Ceux qui œuvraient en zones dangereuses étaient agressés au niveau psychique en tant que témoin de la souffrance qu’ils côtoyaient au quotidien. Pour ma part j’en suis devenu conscient, relativement tôt. J’avais construit automatiquement et inconsciemment une « croûte » ou une carapace émotionnelle qui, pensais-
je à ce moment là, me protégerait des douleurs parmi lesquelles j’évoluais à chaque instant. Je croyais que cela serait suffisant. Par conséquent, lorsque mon organisation créa un service d’aide psychologique pour  ses employés, je ne me sentais pas particulièrement concerné. Je pensais que je n’en avais pas besoin, ni
sur le terrain, ni au siège de mon organisation. En effet, entre temps, la plupart de mes activités se développait dans le cadre de la gestion, de l’administration et des ressources humaines sur le terrain des opérations mais aussi, parfois, au siège de mon agence. Parallèlement, je m’étais investi dans la foi religieuse. J’ai suivi une formation de relation d’aide que j’ai pratiqué bénévolement à côté de mes activités onusiennes. J’y avais aussi trouvé, bien évidemment, une aide personnelle.
C’est à ce moment, que j’ai pu rencontré une psychologue qui oeuvrait pour plusieurs agences onusiennes. Elle aidait le personnel d’associations et, à l’occasion, je lui envoyais des personnes de mon équipe qui étaient victimes de traumatismes.
Souvent, nous avions de longues conversations sur des sujets qui me passionnaient.

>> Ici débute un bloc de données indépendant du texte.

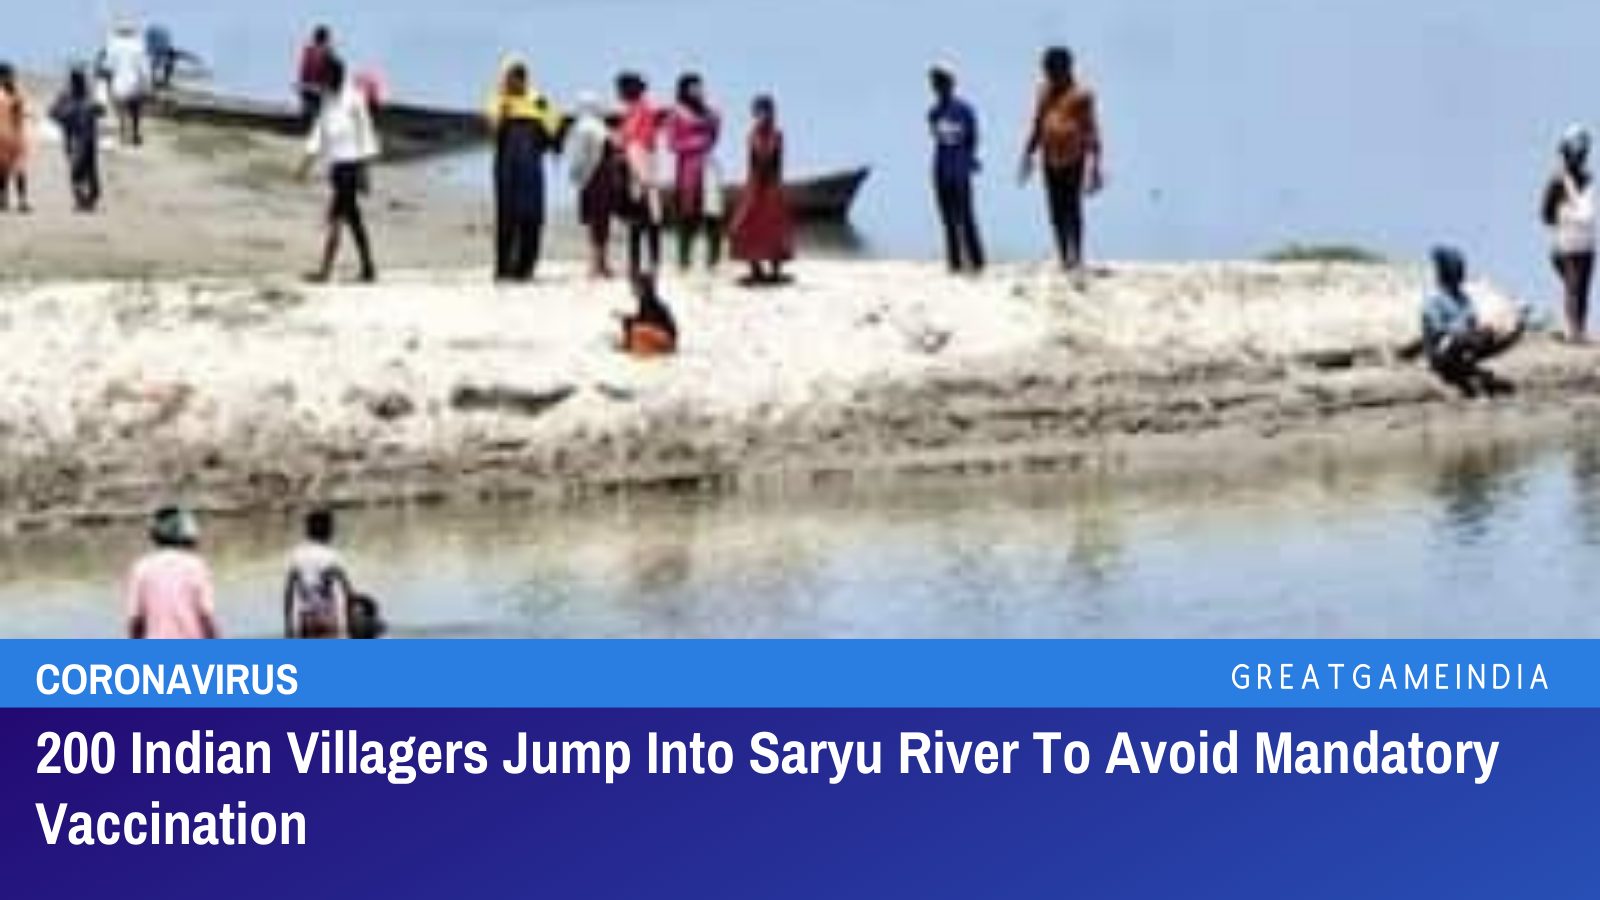 200 Indian Villagers Jump Into Saryu River To Avoid Forceful COVID-19 Vaccination

Bien qu’elle n’avaient pas les mêmes convictions que moi, nos échanges m’ont aidé, étape par étape, à laisser se dissoudre ma carapace, à me donner le droit de parler de ma souffrance intime.

J’ai pu ainsi reconstruire un terrain de stabilité personnelle et une source de baume pour guérir d’émotions archi-stressées et tourmentées.

Finalement, ces circonstances, auxquelles je peux ajouter l’échec de mon mariage, eurent pour effet d’ouvrir l’énorme barrage qui retenait des fleuves de larmes stockés en moi. A l’époque, mon éducation culturelle et familiale ne permettait pas, en tant qu’homme, de pleurer. Cependant, j’ai appris que cette empreinte éducative est complètement erronée et inadéquate. Oserai-je noter que les canaux lacrymaux ne sont pas exclusivement l’apanage des femmes !
J’ai d’ailleurs trouvé, grâce à mon expérience privée et professionnelle et religieuse, un profond soulagement en acceptant enfin mes larmes, non pas comme une faiblesse, mais comme une première étage avant la catharsis.